And a shot at 230FSB= *3.9Ghz*


----------



## thegave (Mar 9, 2008)

Holy crap is 230 still at 2-2-2-5 full PAT? Goddamn.

Don't worry, I wasn't upset at you. Just a little annoyed that it's so difficult and tedious to tweak it up.

Don't worry about the cap either, for some reason I had in my mind the idea that you had an X1950. Forgot you had a 7800GS. Partially why I was so eager to try and beat your benchies. Not that that's ever going to happen. 

General question: Does it make sense to have PAT and all that Performance Mode crap enabled even if my timings aren't 2-2-2-5?


----------



## revin (Mar 9, 2008)

YES,

look back at those eirler everest tables for stock and 667b/s[=pat]
 a big differance

page 1 post 13


----------



## revin (Mar 9, 2008)

dont tell me the ati is dead???????


----------



## thegave (Mar 9, 2008)

nah the ATI works fine. I think. But I found a capacitator on the floor that looks like it should be on the vga (same markings, same plastic base thing) but can't work out where it might have gone. 

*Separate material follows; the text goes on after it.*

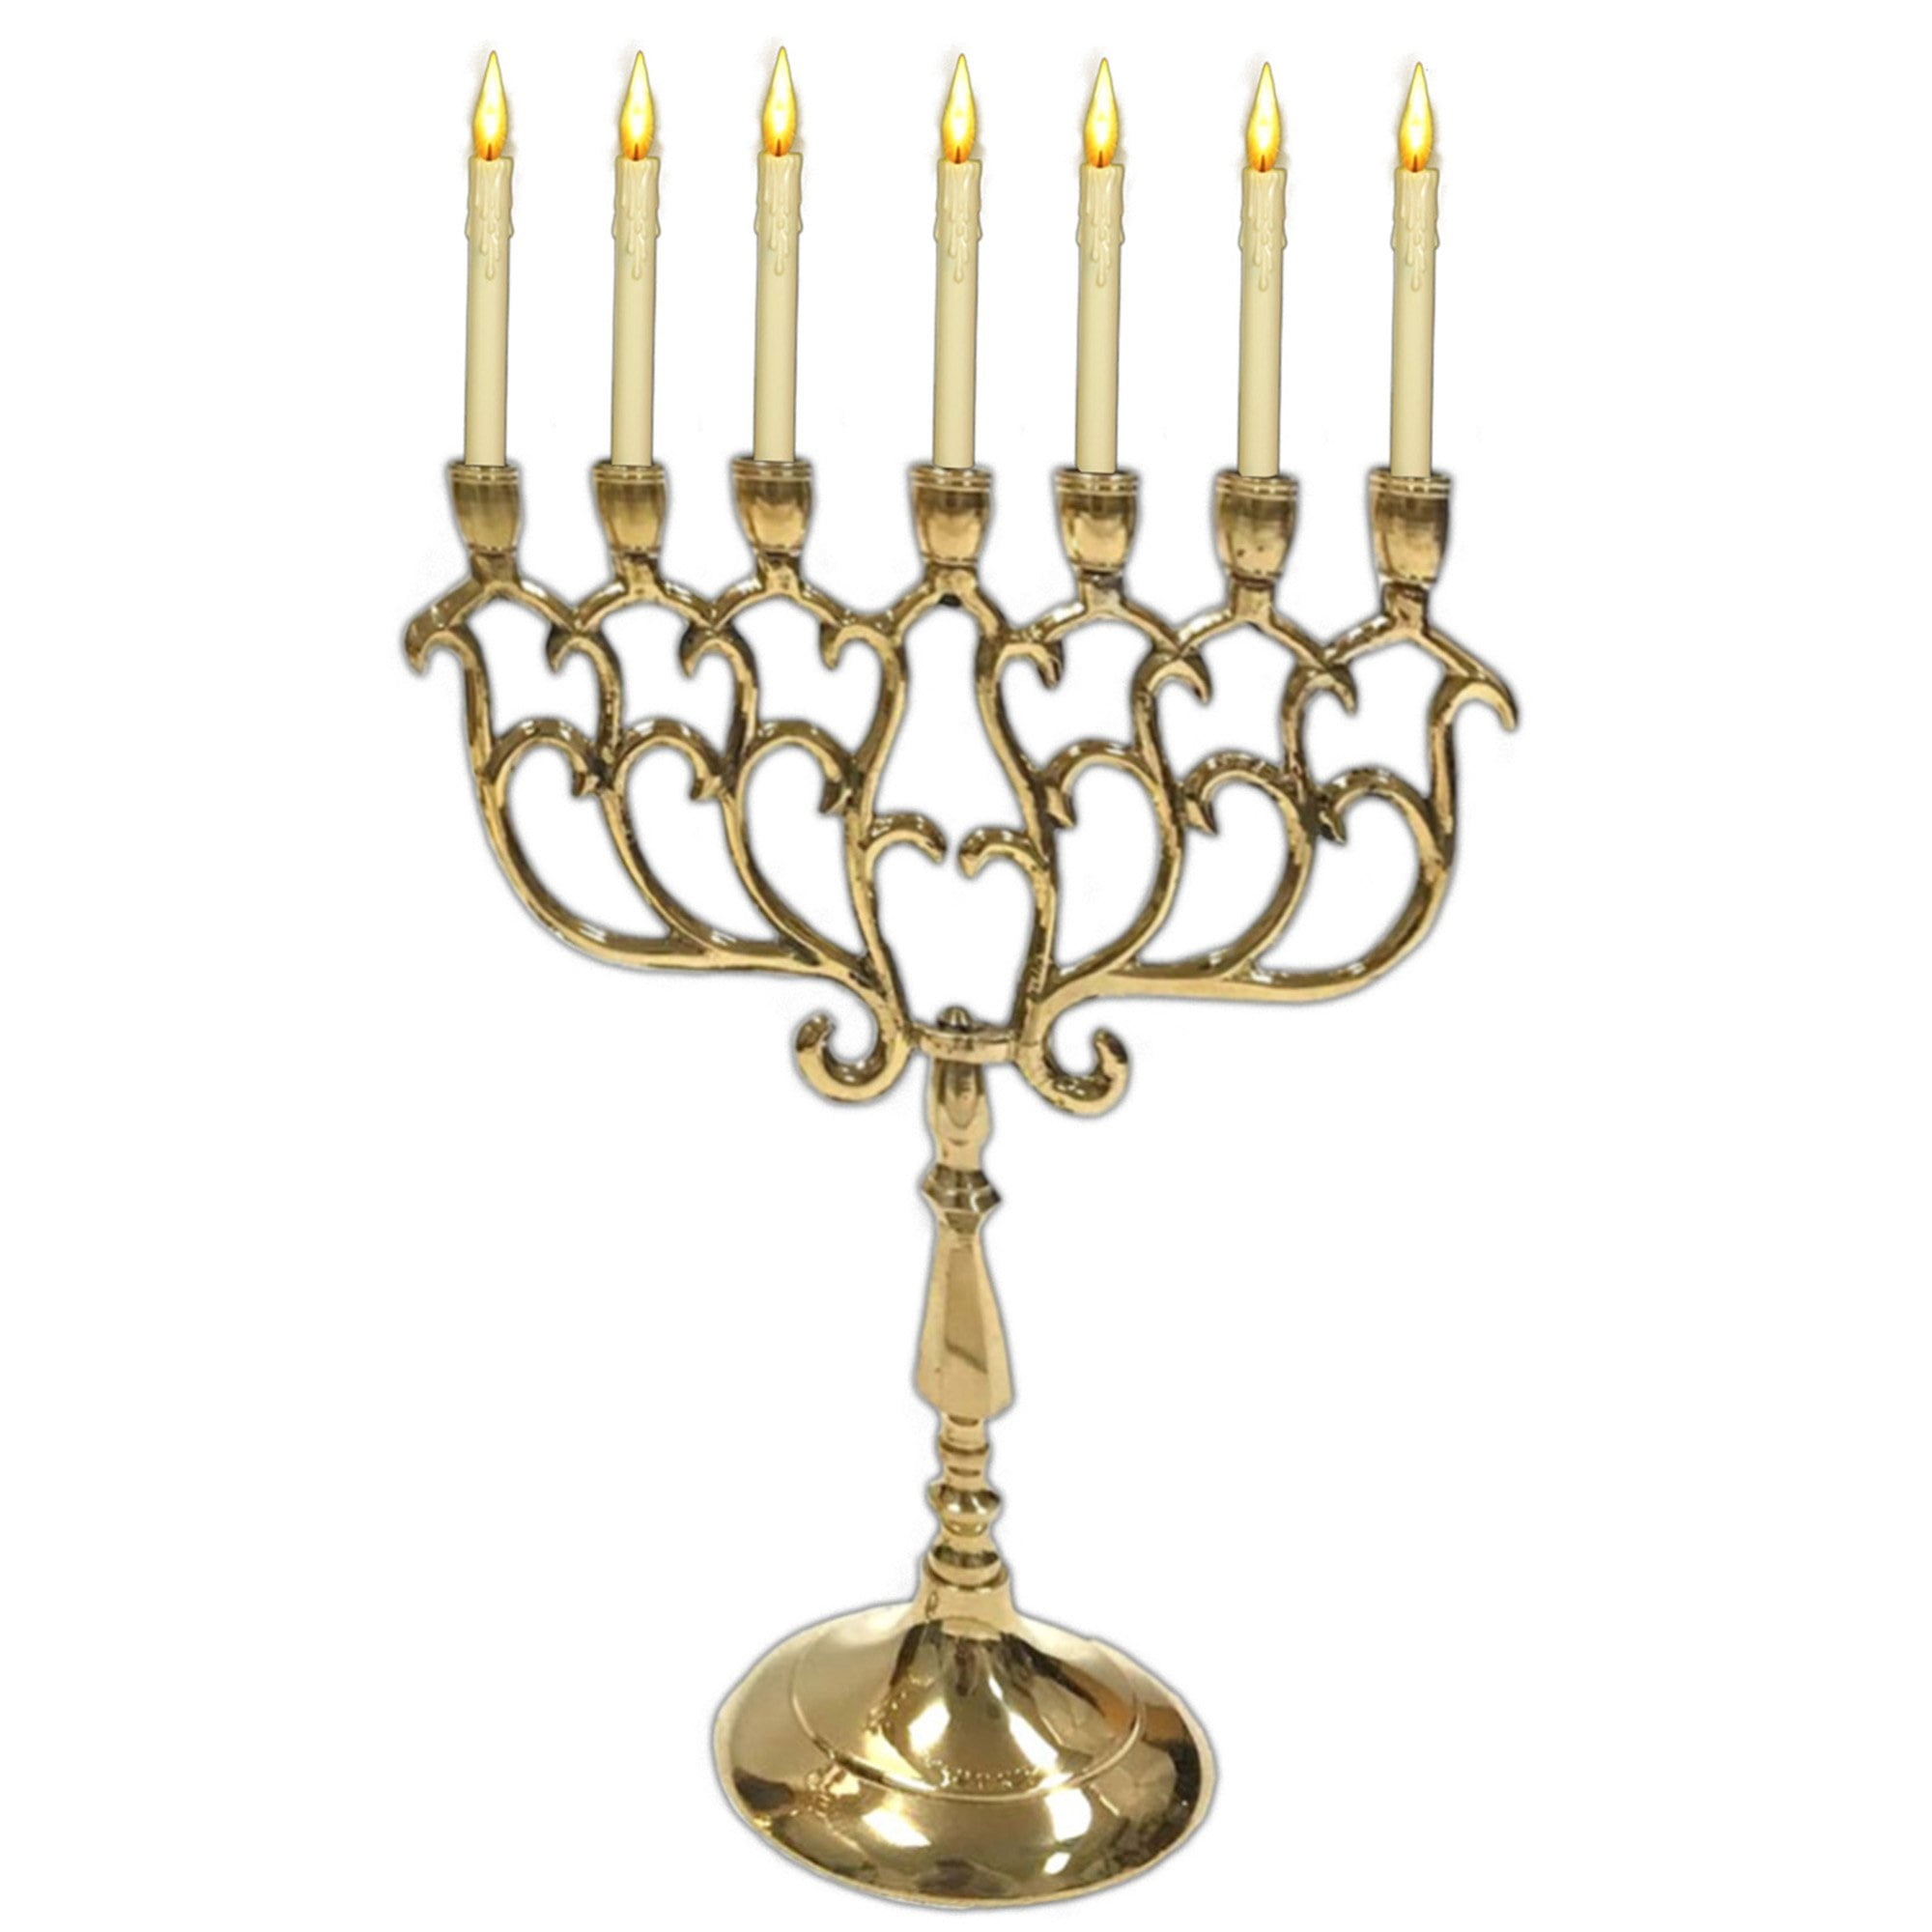 Biedermann & Sons Nickel/Brass Ornate Menorah Candle

I know PAT makes a big difference at 2-2-2-5 but will it continue to make the same difference after you loosen the timings? Say I want to go for a higher FSB so I loosen it up to 2.5-3-3-8... Will PAT still help me or does it become useless?

And what the hell! Why isn't there a bootstrap for my board?


----------



## revin (Mar 10, 2008)

i went right over to that thread that day, but knew that was way out of my knowlage!

After using the Abit GAT settings[PAT] i seen that at least 1 uses 2336 timings, so it appears that it still functions with various timings.
*Also my OCZ DDR500 EBPT's are 3328, and was able to run them in windows at 2326!!!!*
My B/S is found under N/B CPU, not unlike the divider choice. of which I have both







here's a link if u[or any1 else] have an intrest to look it over.
It's a very well though out bios, but coulda used a couple more functions

http://www.hardocp.com/article.html?art=NTQxLDIsLGhlbnRodXNpYXN0


----------



## revin (Mar 10, 2008)

BTW, i gotta tell ya, i took the pc outside to get those low temps, but it did tell me that I prolly can get at least the 3.9 or more with a water setup.
And that Bliss was just soooo cool!
 It was just to test out the limits mostly.
My 3dm06, came in a little slower??????????????
But the FUR climbed a good deal. Back to having the remps stay cool.


----------



## revin (Mar 10, 2008)

Cleaned it up alot also, got the Kaza's, and HardCano9 back out!
Just put the 2 AeroCool fans on the bottem.


----------



## Morgoth (Mar 10, 2008)

you call that clean?


----------



## revin (Mar 10, 2008)

Morgoth said:


> you call that clean?



I know, but better than before   srry, ill keep workingg on it  gonna get a 4in 1 cage to move the drives soon

TBH, I think hitting 3.9 on air with the EE is a far better post!!!!


----------



## thegave (Mar 14, 2008)

Why does it say in your bios you have a 3.00?

I thought you run at 2225?

Oh, and what's the harm in running 1.7+ through a P4? Electron-migration?


----------



## revin (Mar 14, 2008)

thegave said:


> Why does it say in your bios you have a 3.00?
> 
> I thought you run at 2225?
> 
> Oh, and what's the harm in running 1.7+ through a P4? Electron-migration?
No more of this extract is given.